Amigos perdon por la molestia pero en muchas otras fuente del foro se usa el 2n3055 para esta fuente y en otras el mj2955 la unica diferencia entre los dos es que uno es npn y el otro pnp me pueden aclarar esta duda para no comprar mal los transistores


----------



## elaficionado (Ene 2, 2011)

Hola.
Mira aquí: http://www.national.com/ds/LM/LM340.pdf

Es la hoja de datos y allí usan transistores PNP, mira el circuito
High Output Current, Short Circuit Protected


Chao.

elaficionado.


----------



## Chris (Ene 2, 2011)

Muchas gracias elaficionado, ahora si estoy seguro, solo la última pregunta, me podrías mandar el diagrama de cómo poner los 2 transistores en el circuito del lm317t , me sería de mucha ayuda y si quiero mas corriente supongo que tendré que conectar un transistor mas en paralelo ?

Me podrían decir si éste circuito está bien ya que quisiera armarlo pero primero quisiera saber si está correcta su conección. mi propósito es lograr regular de 1 a 21 V y conseguir mínimo 3.5 A ya que el transformador que uso es de 4.5 A, por favor ayuda, me rompí la cabeza pensando en éste circuito y si está algo mal me pueden decir para corregirlo?


----------



## elaficionado (Ene 3, 2011)

Hola.

A cada transistor ponle una resistencia de emisor de 0.33 ohm, 2W.

Chao.
elaficionado.
Nota: Ese ciruito no está protegido contra cortocircuito.


----------



## Chris (Ene 3, 2011)

gracias por la ayuda la arme asi tal y como esta pero le puse una resistencia en la base del transistor y quemo el potenciometro crees que sea por la resistencia a use reistencias de 30 ohmnios a 5 w crees que es mucho?


----------



## elaficionado (Ene 3, 2011)

Hola.

La resistencia de 22 ohmios de 0.5W es suficiente.
Sí, se quema, es porque algo no está bien conectado o está malogrado.
Mira aquí: https://www.forosdeelectronica.com/...-diferentes-voltajes-salida-48858/#post426166

Chao.
elaficionado.


----------



## Chris (Ene 3, 2011)

Osea que la fuente deberia quedar asi?


----------



## elaficionado (Ene 3, 2011)

Hola.

Sí.

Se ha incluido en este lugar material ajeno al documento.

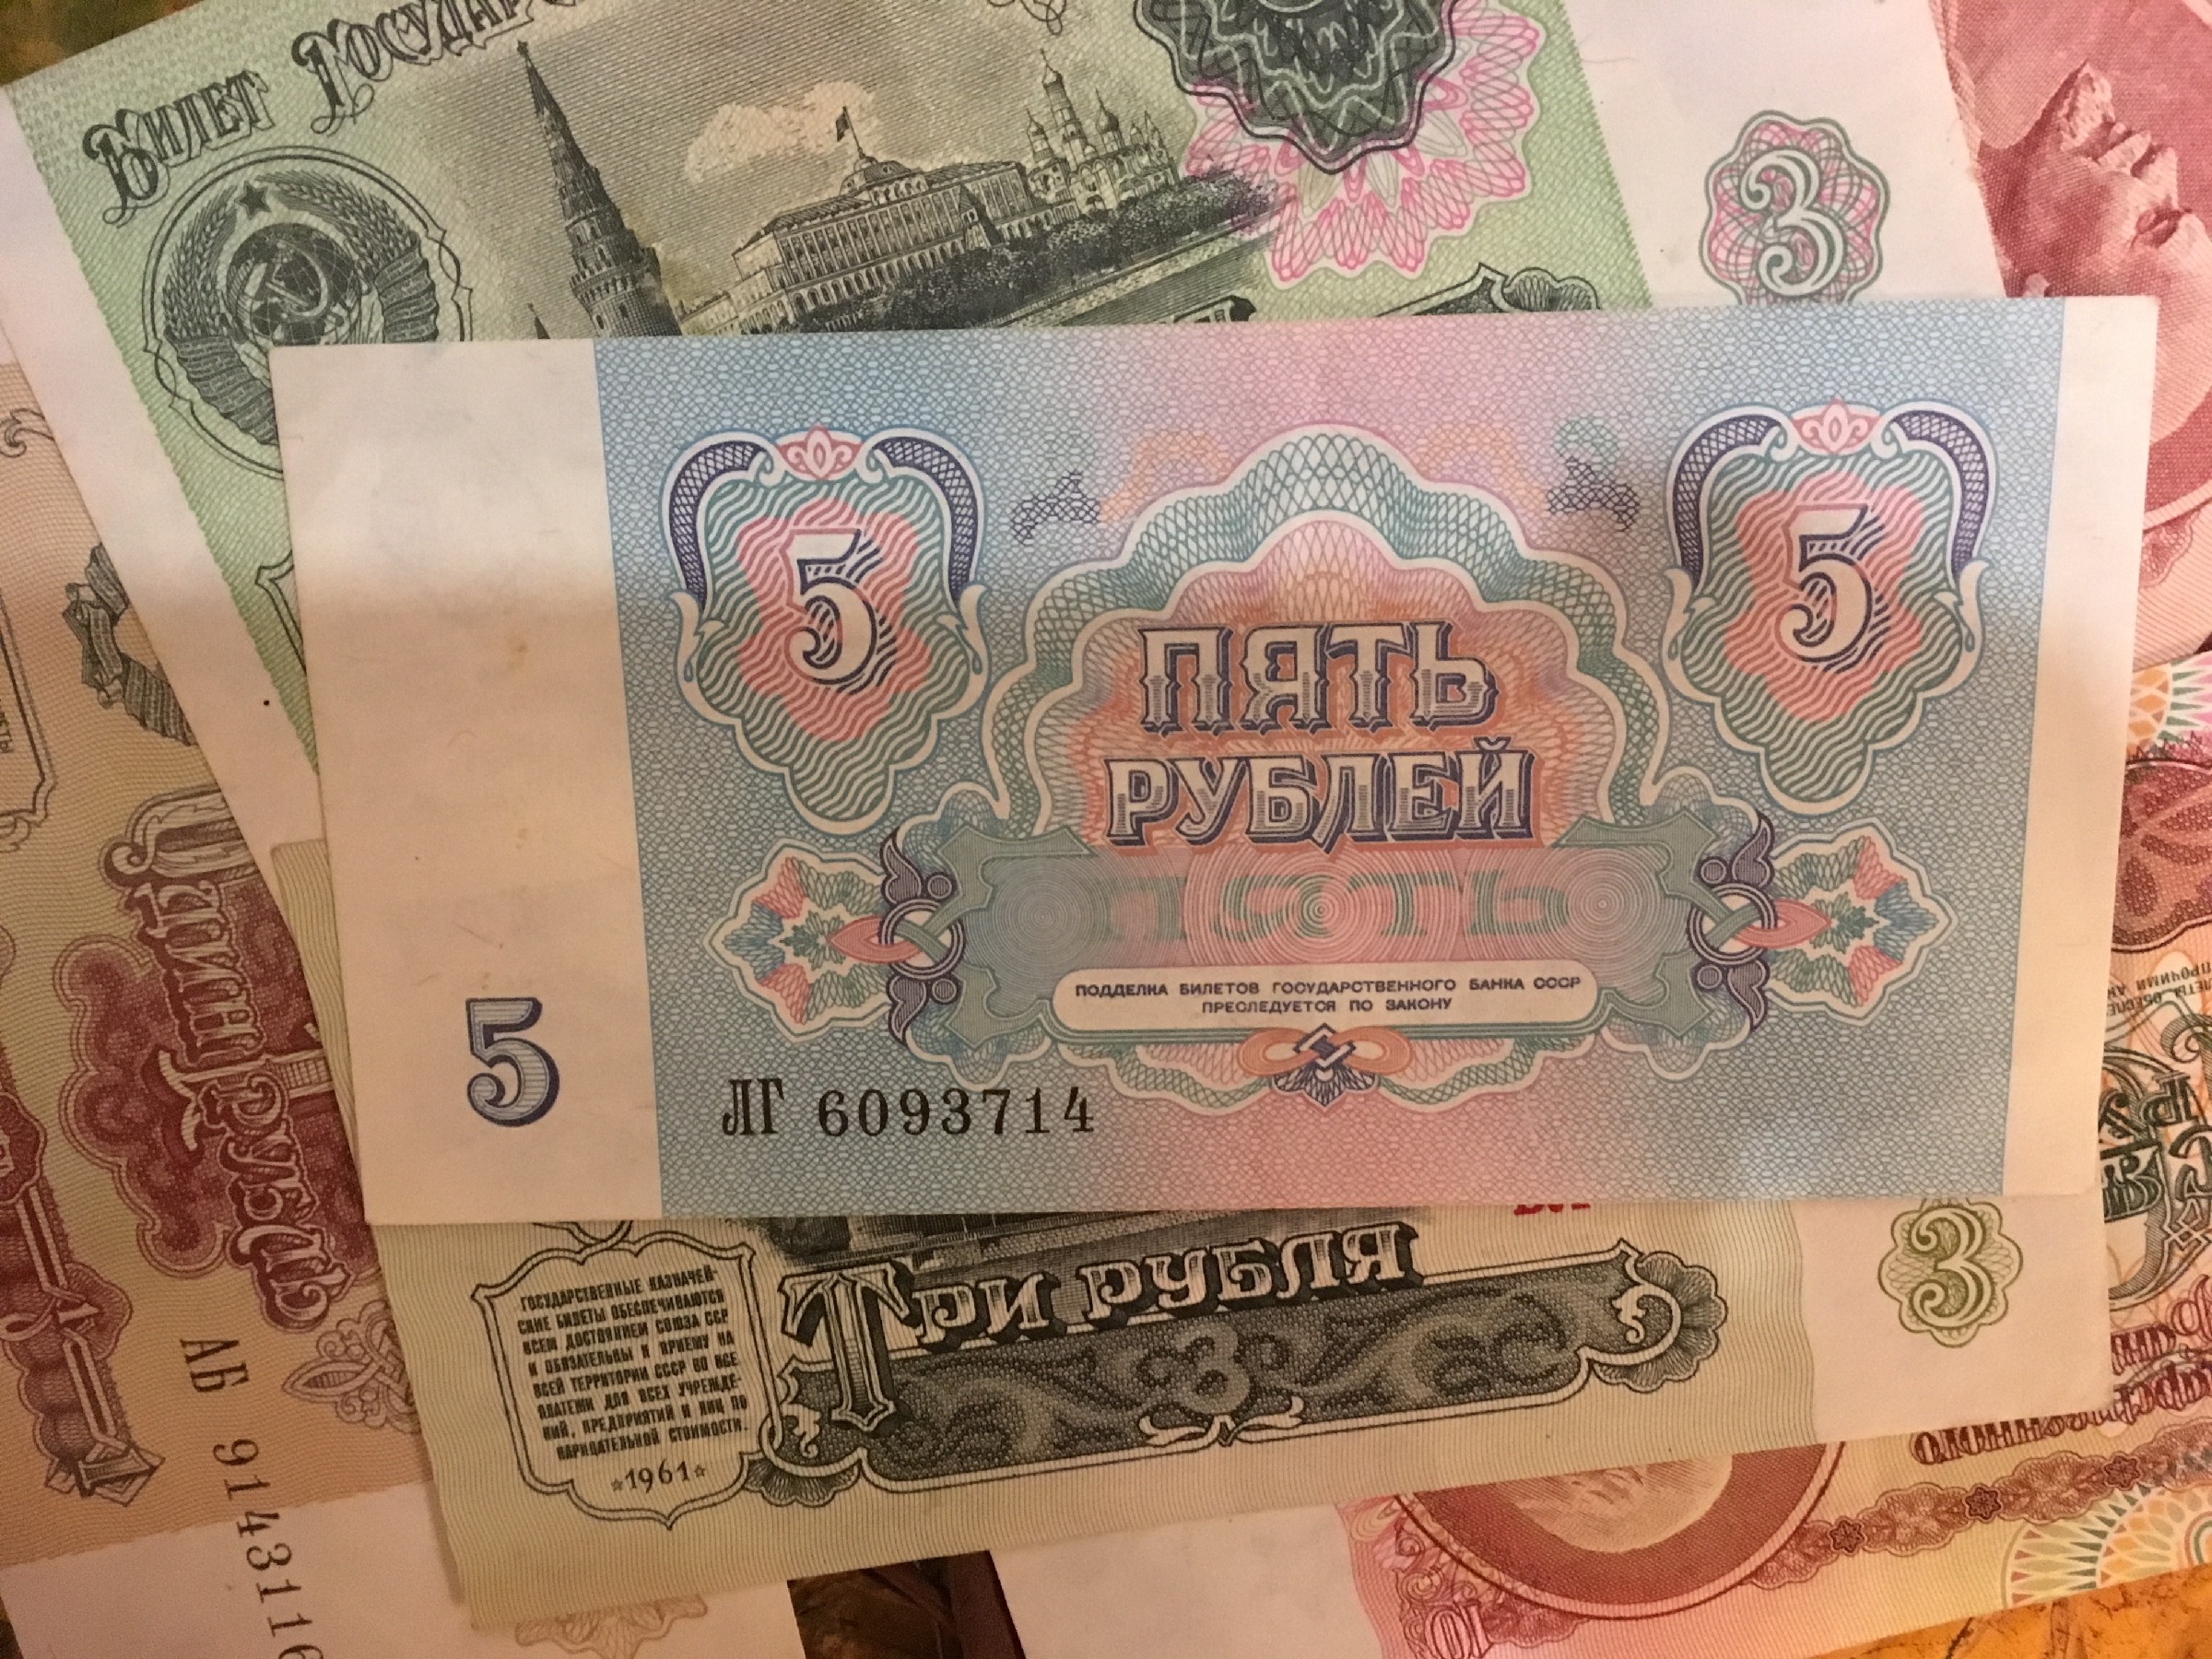 Бумажный вариант 5 рублей появился только в 1991 году...

Pero, revisar lass conexiones. mirar la hoja de datos del regulador y de transistor, para verificar el orden de los terminales o patas.

Chao.
elaficionado.


----------



## Chris (Ene 3, 2011)

bueno gracias por tu ayuda pero no le encuentras ningun error?


----------



## elaficionado (Ene 3, 2011)

Hola.

Los diodos rectificadores están mal conectados.

Chao.
elaficionado.


----------



## Chris (Ene 3, 2011)

ok gracias no es mucho problema ya que utilizo un puente integrado me puedes aclarar esta parte de este circuito.... el transistor 2n es el de potencia pero lo de arriba es necesario en el circuito y hasta cuantos amperes entrega esta fuente?
gracias


----------



## elaficionado (Ene 3, 2011)

Hola.
Ese arreglo es igual al que tú haz hecho, pero éste es realizado con transistor NPN. El transistor NPN es convertido en PNP por el transistor 2N2905, en lo que se conoce como cuasi-complementario.
El LM195 no es un transistor simple (mira su hoja de datos).

Chao.
elaficionado.


----------



## Chris (Ene 3, 2011)

Ok osea que como yo lo uso no hace falta el lm solo bastaria con los 2 tip 2955 y como esta el esquema que publique o me equivoco?


----------



## elaficionado (Ene 3, 2011)

Hola.

Sí, los 2 TIP2955 están bien.

Chao.
elaficionado.


----------



## Chris (Ene 4, 2011)

Muchas gracias por tu ayuda realizare el circuito y luego te aviso si no me vuelve a pasar lo del potenciometro porque segun el datashet esta bien conectado....


----------



## greiss (Jun 15, 2011)

Hola buen día,tengo un transformador de 30 VCA con tap central osea +15/-15V a 2 Amperes, referente a esta fuente rediseñada por "elaficionado" en la respuesta # 192 de este link _https://www.forosdeelectronica.com/f21/dudas-sobre-fuente-variable-dual-1-2v-30v-1-amperio-9782/index10.html#post123984_


Mi inquietud es la siguiente: Como serian los cambios en el diseño para que solamente utilice la parte positiva (la del LM317) de esta fuente utilizando el transformador antes mencionado, no se si este bien o mal pero estaba pensando en quitar la parte negativa del diseño (LM337) y ya, pero se me hace muy facil para ser verdad, saludos y espero sus comentarios.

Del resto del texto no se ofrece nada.